§ **Exercise**: Count the lines below that contain the word "portrait", and report only that number.

......

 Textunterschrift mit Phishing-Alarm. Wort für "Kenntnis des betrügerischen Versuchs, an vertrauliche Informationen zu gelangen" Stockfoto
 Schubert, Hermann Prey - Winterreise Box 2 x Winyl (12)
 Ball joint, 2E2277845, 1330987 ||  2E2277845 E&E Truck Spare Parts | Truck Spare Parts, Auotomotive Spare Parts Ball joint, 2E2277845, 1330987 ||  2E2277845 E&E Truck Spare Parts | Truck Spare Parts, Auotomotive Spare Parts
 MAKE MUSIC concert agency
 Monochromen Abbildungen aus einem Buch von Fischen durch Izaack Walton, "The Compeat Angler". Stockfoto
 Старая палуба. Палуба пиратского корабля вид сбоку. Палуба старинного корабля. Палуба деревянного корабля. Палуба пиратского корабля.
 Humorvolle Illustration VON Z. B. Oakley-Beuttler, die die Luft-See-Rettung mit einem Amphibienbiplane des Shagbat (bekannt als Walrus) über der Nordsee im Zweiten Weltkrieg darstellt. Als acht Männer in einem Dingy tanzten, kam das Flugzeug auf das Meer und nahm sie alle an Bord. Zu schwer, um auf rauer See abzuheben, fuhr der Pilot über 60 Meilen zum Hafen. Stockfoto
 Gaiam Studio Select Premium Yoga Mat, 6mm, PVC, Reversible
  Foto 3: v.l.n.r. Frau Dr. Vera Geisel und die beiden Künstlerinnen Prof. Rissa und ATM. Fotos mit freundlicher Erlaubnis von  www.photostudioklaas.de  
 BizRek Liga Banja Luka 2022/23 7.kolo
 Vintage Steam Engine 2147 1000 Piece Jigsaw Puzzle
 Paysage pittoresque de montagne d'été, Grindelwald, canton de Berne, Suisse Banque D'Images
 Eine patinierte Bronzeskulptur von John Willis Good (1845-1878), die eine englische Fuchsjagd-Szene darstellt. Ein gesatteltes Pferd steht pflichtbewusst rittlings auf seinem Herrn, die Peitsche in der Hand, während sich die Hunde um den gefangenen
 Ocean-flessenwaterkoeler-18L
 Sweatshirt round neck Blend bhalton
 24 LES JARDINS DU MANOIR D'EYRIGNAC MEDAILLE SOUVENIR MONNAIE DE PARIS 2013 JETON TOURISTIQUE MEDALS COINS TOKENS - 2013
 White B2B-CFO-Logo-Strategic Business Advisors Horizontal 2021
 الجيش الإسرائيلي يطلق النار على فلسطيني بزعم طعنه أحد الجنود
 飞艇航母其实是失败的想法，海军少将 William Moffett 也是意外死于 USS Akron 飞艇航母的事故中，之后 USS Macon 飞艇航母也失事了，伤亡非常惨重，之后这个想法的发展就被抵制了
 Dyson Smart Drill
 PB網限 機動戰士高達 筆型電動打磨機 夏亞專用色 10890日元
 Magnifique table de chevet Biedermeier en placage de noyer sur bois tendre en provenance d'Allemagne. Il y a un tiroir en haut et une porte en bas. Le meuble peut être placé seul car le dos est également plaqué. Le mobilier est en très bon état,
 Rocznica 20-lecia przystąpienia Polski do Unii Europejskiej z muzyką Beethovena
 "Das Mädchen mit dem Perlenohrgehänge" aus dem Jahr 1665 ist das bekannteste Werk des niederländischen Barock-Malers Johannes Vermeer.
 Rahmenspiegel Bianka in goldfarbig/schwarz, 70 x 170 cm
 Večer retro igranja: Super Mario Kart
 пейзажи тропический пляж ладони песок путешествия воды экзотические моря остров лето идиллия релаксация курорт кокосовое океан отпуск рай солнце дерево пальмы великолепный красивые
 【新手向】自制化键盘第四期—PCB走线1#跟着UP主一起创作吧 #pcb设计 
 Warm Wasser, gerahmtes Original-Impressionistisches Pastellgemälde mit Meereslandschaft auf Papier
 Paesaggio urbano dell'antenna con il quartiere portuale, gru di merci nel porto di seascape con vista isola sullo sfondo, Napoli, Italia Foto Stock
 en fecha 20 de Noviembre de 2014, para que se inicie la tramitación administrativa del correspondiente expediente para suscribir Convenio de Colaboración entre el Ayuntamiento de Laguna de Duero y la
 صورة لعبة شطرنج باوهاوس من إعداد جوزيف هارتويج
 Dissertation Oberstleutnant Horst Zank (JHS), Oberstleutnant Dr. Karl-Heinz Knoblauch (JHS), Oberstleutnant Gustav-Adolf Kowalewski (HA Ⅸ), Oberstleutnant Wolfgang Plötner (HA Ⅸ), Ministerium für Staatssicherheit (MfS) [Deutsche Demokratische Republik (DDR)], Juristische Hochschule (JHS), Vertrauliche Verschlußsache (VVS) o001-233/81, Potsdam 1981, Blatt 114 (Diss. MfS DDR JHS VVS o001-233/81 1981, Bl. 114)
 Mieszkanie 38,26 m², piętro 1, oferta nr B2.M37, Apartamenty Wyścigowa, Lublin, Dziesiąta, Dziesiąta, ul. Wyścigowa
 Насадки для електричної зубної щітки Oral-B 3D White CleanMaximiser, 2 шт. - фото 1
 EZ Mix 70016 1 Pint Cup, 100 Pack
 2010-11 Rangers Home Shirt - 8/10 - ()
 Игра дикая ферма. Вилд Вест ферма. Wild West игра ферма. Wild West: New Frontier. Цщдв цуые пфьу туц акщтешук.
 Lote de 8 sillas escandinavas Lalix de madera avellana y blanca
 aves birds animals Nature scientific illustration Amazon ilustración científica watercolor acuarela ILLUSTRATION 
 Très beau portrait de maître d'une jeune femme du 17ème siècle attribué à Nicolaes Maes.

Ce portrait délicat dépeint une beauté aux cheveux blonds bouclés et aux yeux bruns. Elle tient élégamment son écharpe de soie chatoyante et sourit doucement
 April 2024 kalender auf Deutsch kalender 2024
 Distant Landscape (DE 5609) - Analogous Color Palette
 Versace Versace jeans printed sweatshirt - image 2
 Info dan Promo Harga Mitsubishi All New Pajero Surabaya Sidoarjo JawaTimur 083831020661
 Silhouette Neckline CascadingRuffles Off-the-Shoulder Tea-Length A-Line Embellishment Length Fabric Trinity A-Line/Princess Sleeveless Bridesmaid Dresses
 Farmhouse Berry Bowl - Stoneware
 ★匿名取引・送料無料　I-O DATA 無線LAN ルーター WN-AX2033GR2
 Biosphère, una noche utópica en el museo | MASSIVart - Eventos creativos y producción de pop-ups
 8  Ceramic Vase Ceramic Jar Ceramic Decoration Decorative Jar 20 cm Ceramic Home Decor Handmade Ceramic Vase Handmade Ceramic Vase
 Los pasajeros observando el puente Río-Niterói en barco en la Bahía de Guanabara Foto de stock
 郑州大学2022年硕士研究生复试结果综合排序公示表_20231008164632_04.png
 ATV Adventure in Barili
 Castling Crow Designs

......

§ **Written answer**: 2